Category Archives: Document Harvesting

Writing screen scraping programs to build collections from material already on the Internet.

Harvesting Congressional Documents

A couple of years ago, we decided we had to wind down our collection of U.S. Congressional documents. Not only do we have no room for any more, we have no room for what we have. Our having too much problem has led to our digitization program, which I will have much about later. Moving forward, however, we still want to maintain a collection of congressional documents, even without the shelf-space. The solution is to download from the GPO and add them to our growing collection of digitized documents.

On one level, the idea for doing this is really simple: they are available on the GPO websites, just download and add them to the repository. I know, why not just wait until law.gov makes everything available in bulk, or until the GPO makes bulk electronic downloads part of the new depository system. If and when that happens, we will be on board. In the meantime, we would like to have a complete a collection of legislative history materials as possible. Without more paper.

As states, the basis idea is really simple: download the documents. Of course, dealing with thousands of documents in a programmatic manner makes it more of a challenge.

Downloading:

The technique we use for this is a slightly more than basic screen-scrape harvesting. But not by much. The theory was to use a PERL script which essentially would perform a search of the FedSys collection, and download the links to material that are in the search results page. This can be done, provided that there are predictable ways in which FedSys presents material, which fortunately, seems to be the case.
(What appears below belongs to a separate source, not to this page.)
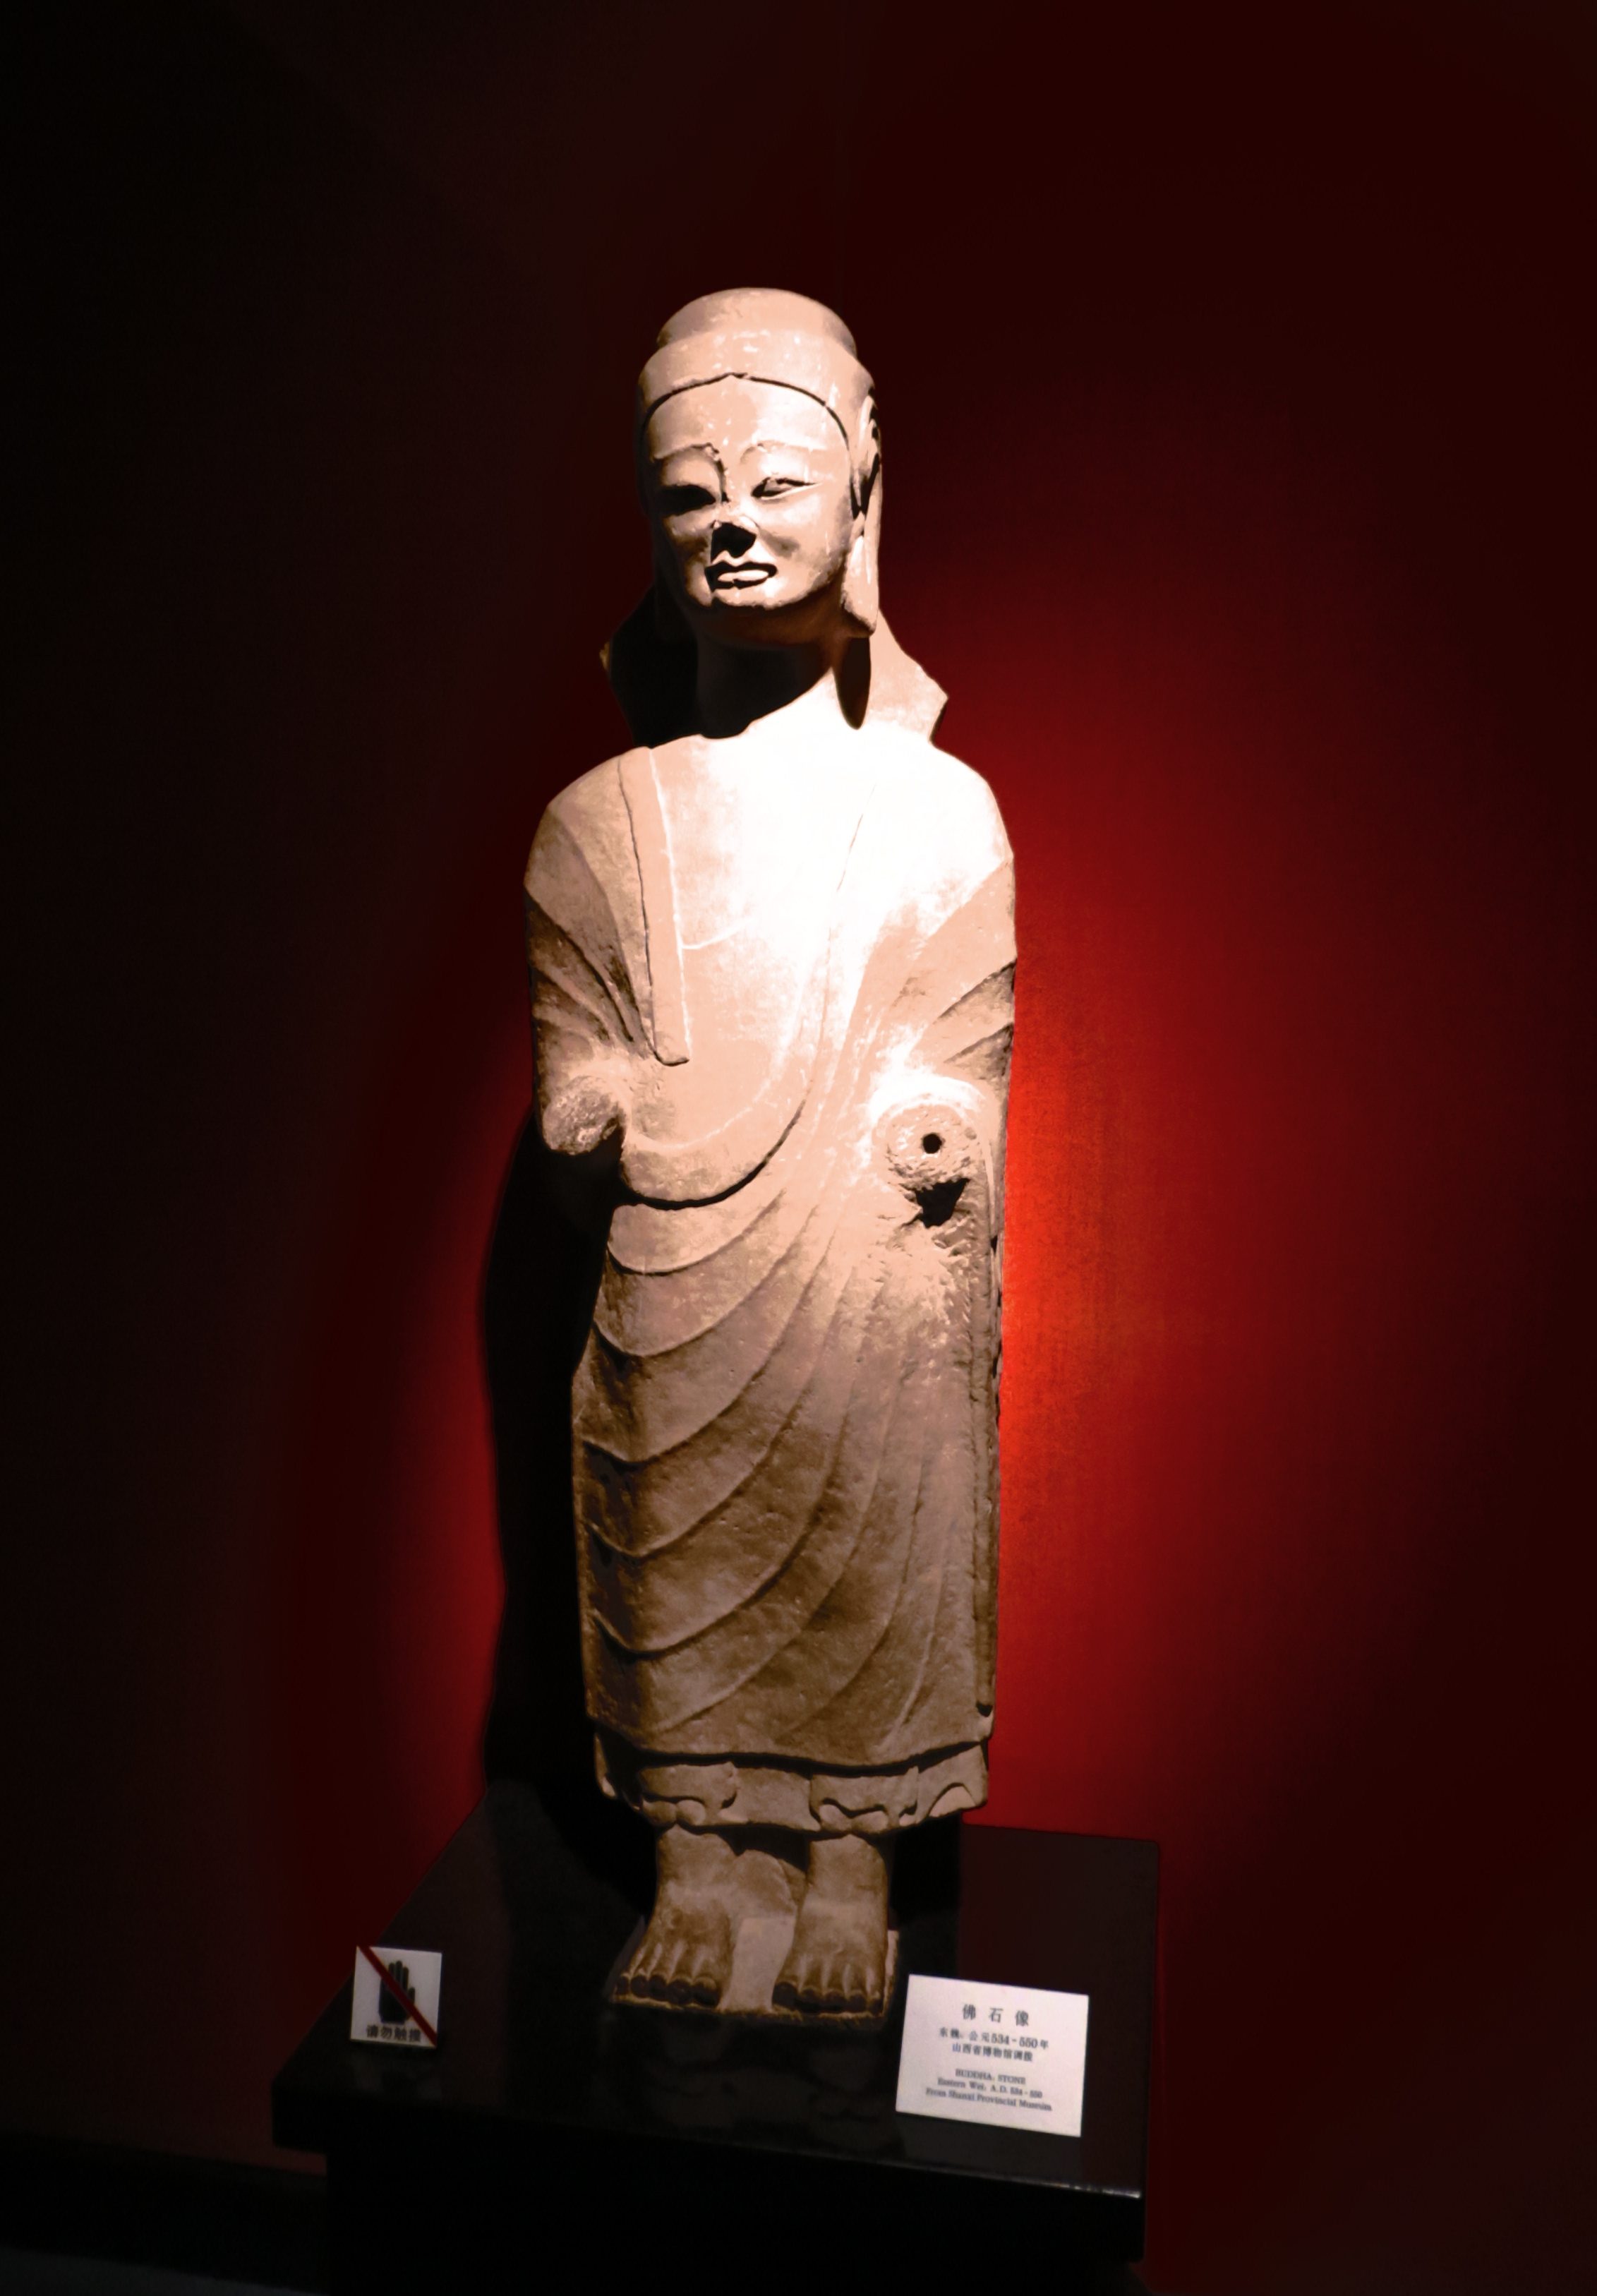 佛石像，东魏（534-550），山西博物馆调拨。佛像表情庄严安详，身披袈裟，轻薄而贴体。疏朗而平行的褶皱恰如其分地表现出衣物的柔和，并使造像在静谧中带上了隐约的动感

As it turns out, the approach with the FedSys material does not involve a search as such, but rather a structured drill-down into the menued browsing options presented in the system. In practice, the programming is similar to canning a search, but is more predictable. It also requires a little more looping in the program.

For reasons that probably have more to do with the way I think than anything else, I found that the easiest way to approach programming a drill-down to documents was by using the congressional committee browse page. It’s the page that is found here: http://www.gpo.gov/fdsys/browse/committeetab.action. The page looks like this:

The nice thing about this page is that we can start drilling down without dealing with javascript or anything else. At least at the start. From here, we can parse out the links for the individual committees. These have very regular structures, as with the Senate Finance Committee: http://www.gpo.gov/fdsys/browse/committee.action?chamber=senate&committee=finance. Of course, we could just program an array of committees of the House and Senate to make things faster, but by relying on this page, we can rely on the GPO to keep the listings of committees up to date. In addition, should the GPO alter their URL/directory structure, one small change in a regular expression will fix the whole thing. Much less work in the long run, and very little added burden to GPO.

What is actually going on in the PERL script at this point is that the wget utility is being opened as a file handle, with the download, when invoked, being sent to STDOUT. The download is started and read as a WHILE loop, which looks for the following pattern:

/http:\/\/www\.gpo\.gov\/fdsys\/browse\/committee\.action\?chamber=(\w)+\&committee=(.*?)\”>/ , where $1 is the chamber and $2 is the committee.

At this point, we have the information we need to take some shortcuts. The link we have grabbed will generate a page with Ajax code. That code will allow expansion of some categories, first by document type (hearings, prints, reports), and then by Congress. The thing to do is to add that information, so we can get to document links. The PERL line is this:

open(GETLIST, “wget \”http://www.gpo.gov/fdsys/browse/committeecong.action?collection= $collec&chamber=$chamb&committee=$comtee&congressplus

=$congno&ycord=0\” -q -O -|”); # all in one line, of course.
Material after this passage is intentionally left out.